1. An electrical power generation system for watercraft, comprising:
movable ballast;
an electrical generator; and
a shaft connected between the ballast and the electrical generator.
2. The electrical power generation system of claim 1, wherein during operation the shaft rotates the generator in response to linear oscillation of the ballast in response to pitching of the watercraft.
3. The electrical power generation system of claim 1, and further comprising a drive train that mechanically couples the shaft to the electrical generator.
4. The electrical power generation system of claim 3, wherein the drive train is adapted to step up a rotational speed delivered thereto by the shaft.
5. The electrical power generation system of claim 1, wherein the movable ballast is disposable in a keel of the watercraft.

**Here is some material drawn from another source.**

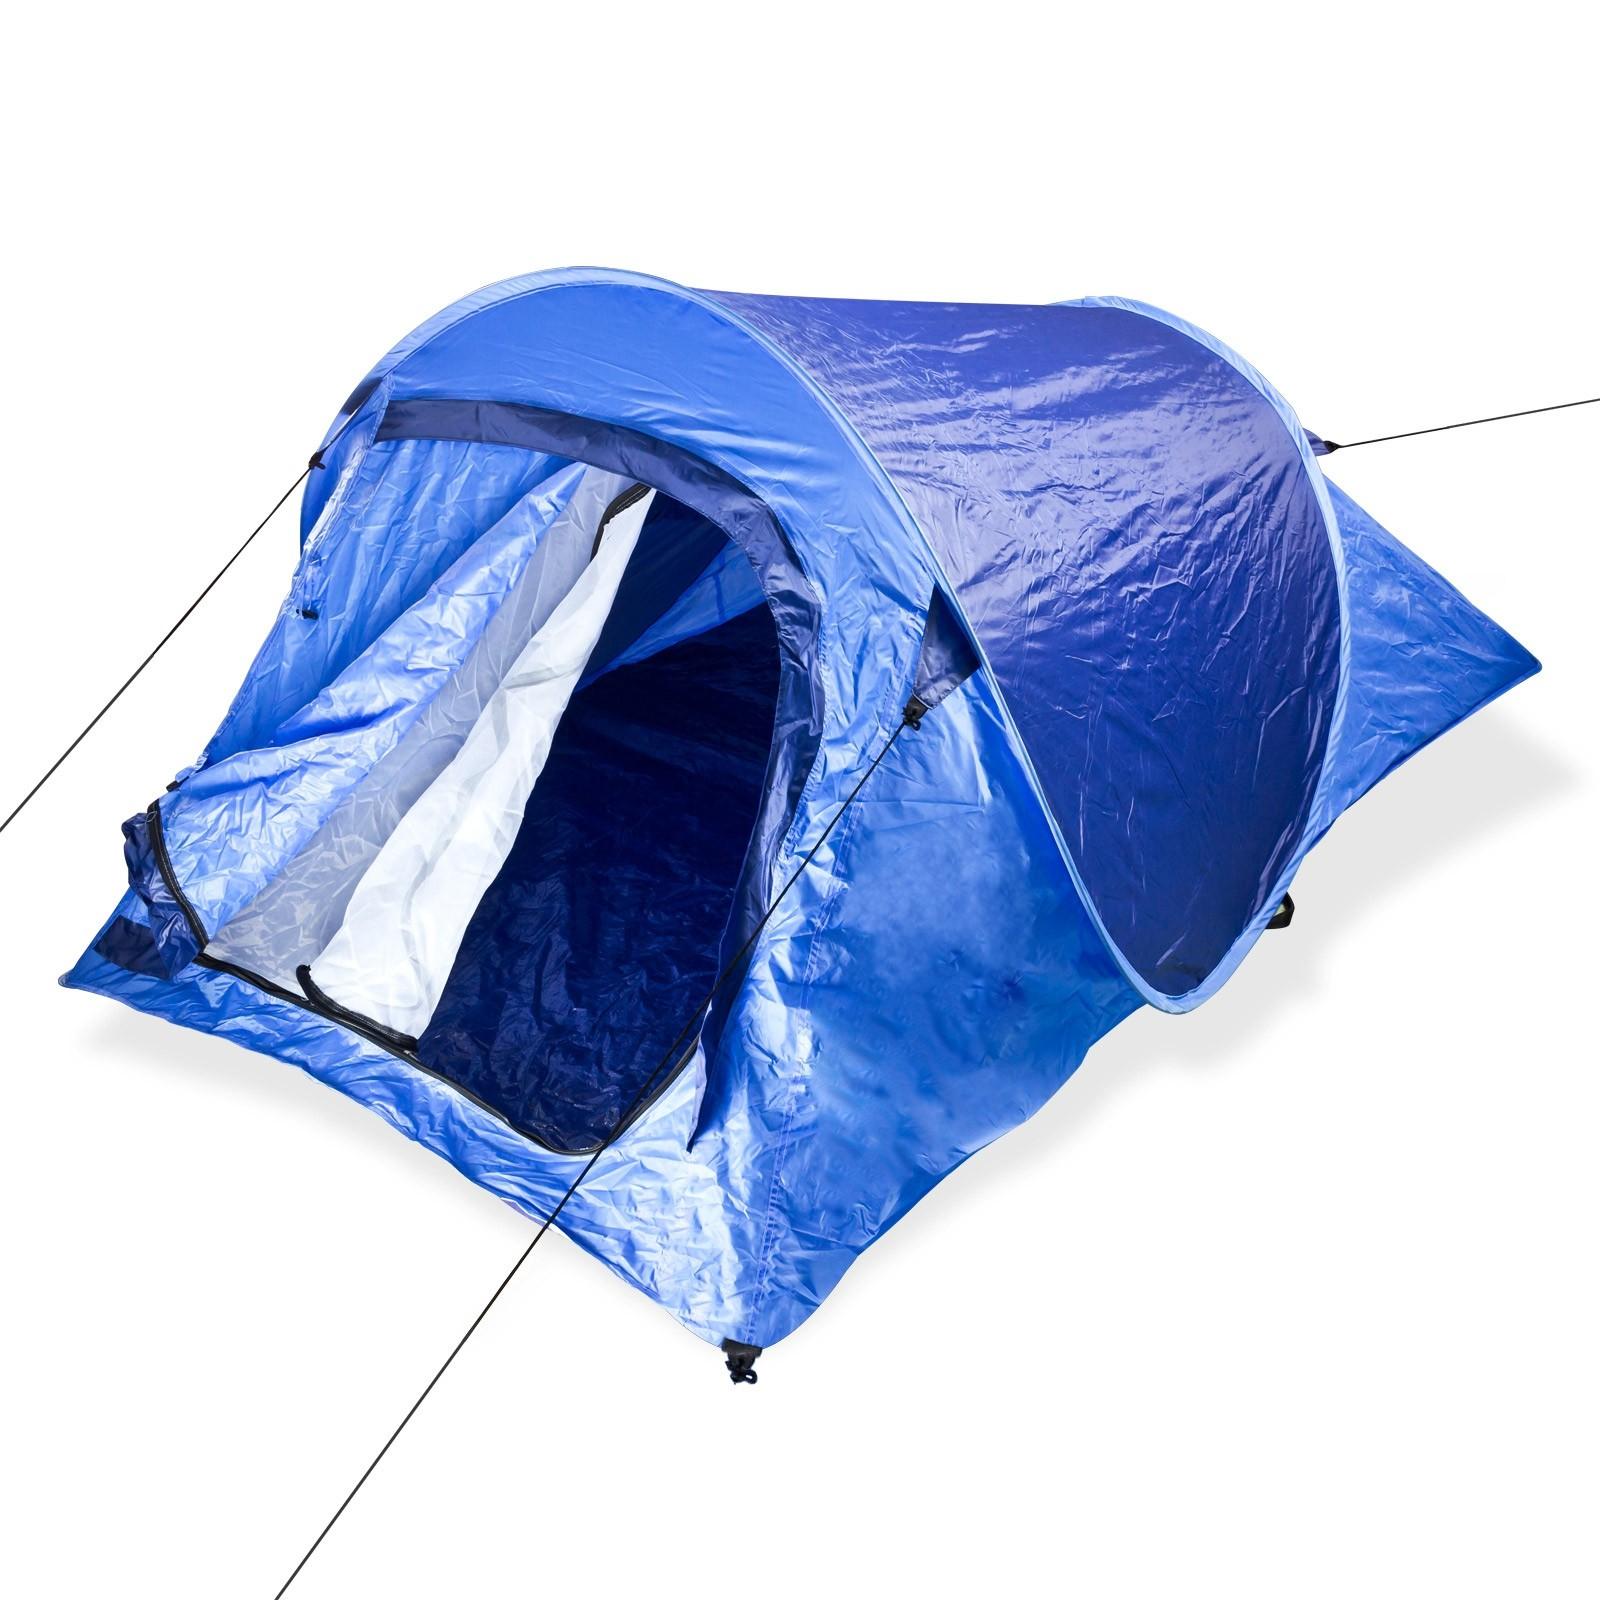 Dema Wurfzelt Pop Up Zelt Faltzelt für 2 Personen Campingzelt Festivalzelt 43244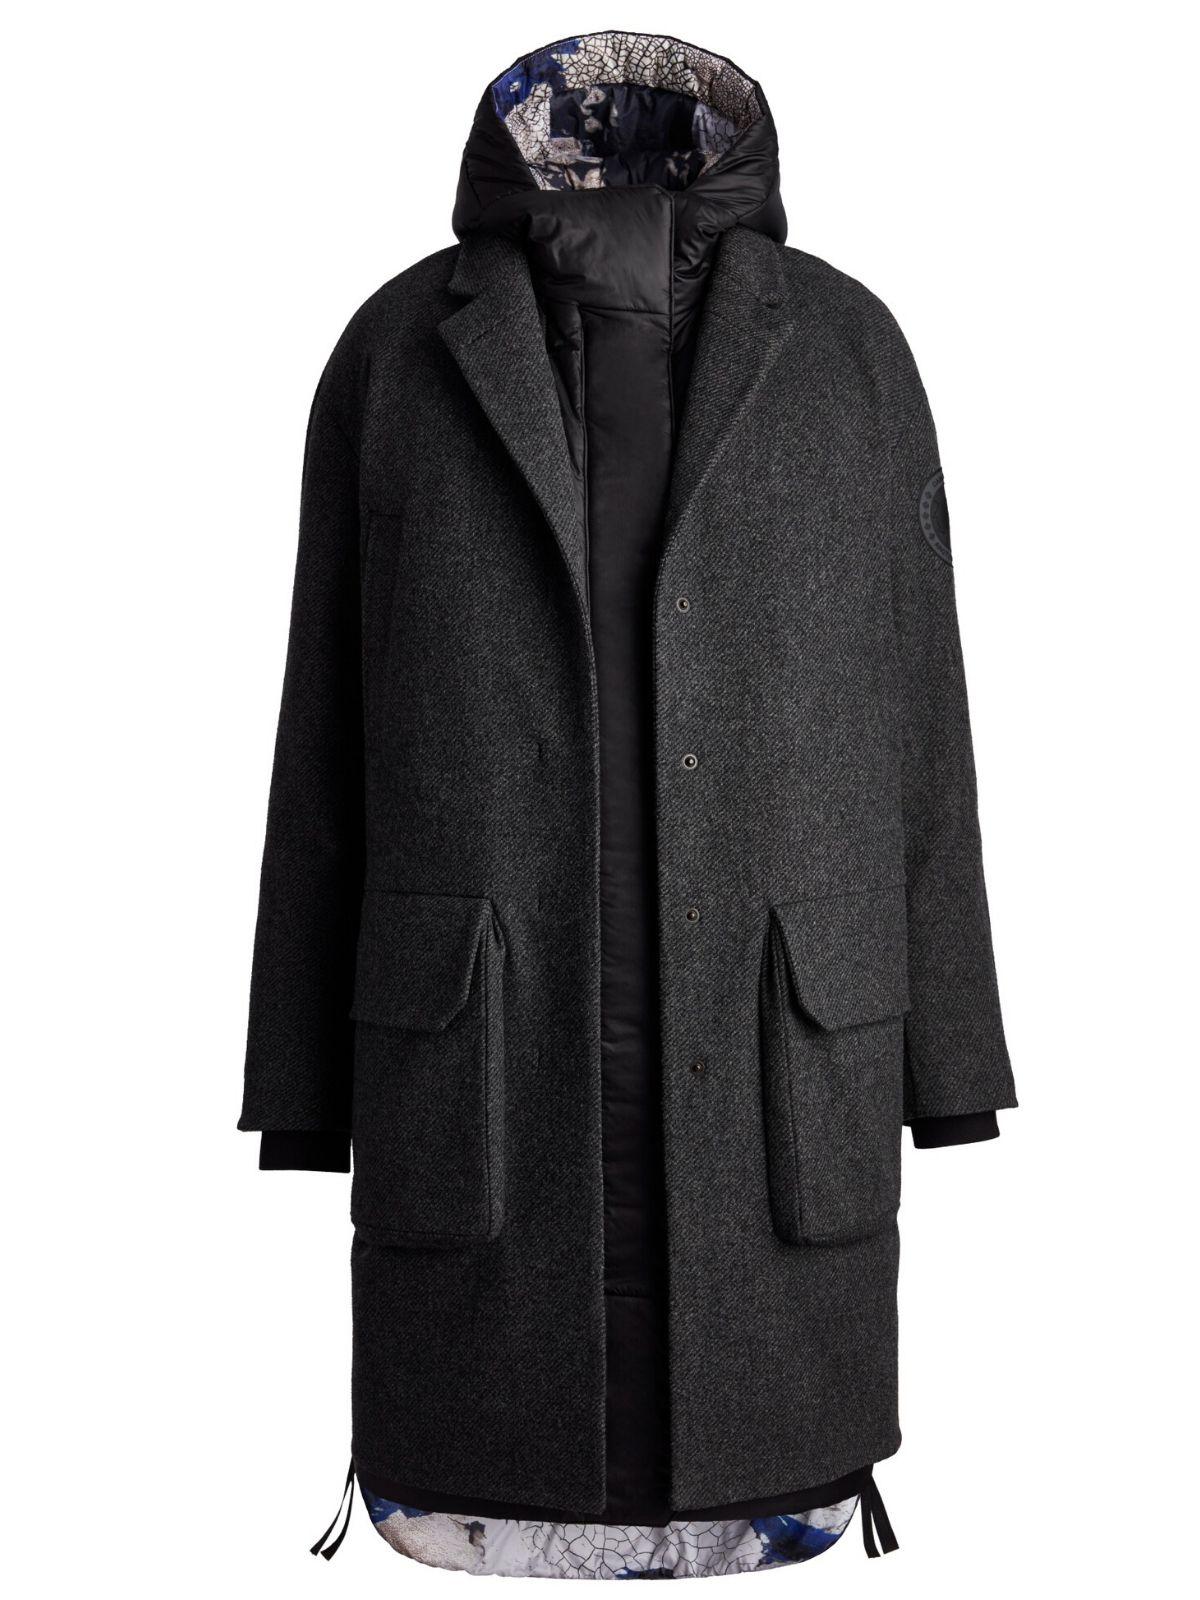 Canada Goose Viedma 4-in-1 coat

6. The electrical power generation system of claim 5, wherein the keel protrudes from an exterior of a hull of the watercraft.
7. The electrical power generation system of claim 1, wherein the generator is located in an interior of a hull of the watercraft.
8. The electrical power generation system of claim 1, wherein the movable ballast is disposable in a keel bulb of the watercraft.
9. The electrical power generation system of claim 1, wherein the generator is electrically connectable to a battery.
10. The electrical power generation system of claim 1, and further comprising:
a rack attached to the movable ballast; and
a pinion disposed on the shaft that meshes with the rack.
11. The electrical power generation system of claim 1, and further comprising a plurality of rollers rotatably attached to the movable ballast.
12. An electrical power generation system for watercraft, comprising:
movable ballast;
an electrical generator;
a shaft connected to the ballast and mechanically coupled to the electrical generator for rotating the generator in response to linear oscillation of the ballast in response to pitching of the watercraft; and
a battery electrically connected to the electrical generator.
13. The electrical power generation system of claim 12, and further comprising a drive train that mechanically couples the shaft to the electrical generator.
14. The electrical power generation system of claim 13, wherein the drive train is adapted to step up a rotational speed delivered thereto by the shaft.
15. The watercraft of claim 13, wherein the drive train comprises:
a first pulley or sprocket rotatably connected to a gear box and a second pulley or sprocket rotatably connected to the generator and
a belt connecting the first and second pulleys or a chain connecting the first and second sprockets.
16. The electrical power generation system of claim 12, and further comprising:
a rack attached to the movable ballast; and
a pinion disposed on the shaft that meshes with the rack.
17. A watercraft comprising:
movable ballast;
an electrical generator;
a shaft connected to the ballast and mechanically coupled to the electrical generator for rotating the generator in response to linear oscillation of the ballast in response to pitching of the watercraft; and
a battery electrically connected to the electrical generator.
18. The watercraft of claim 17, and further comprising a drive train that mechanically couples the shaft to the electrical generator.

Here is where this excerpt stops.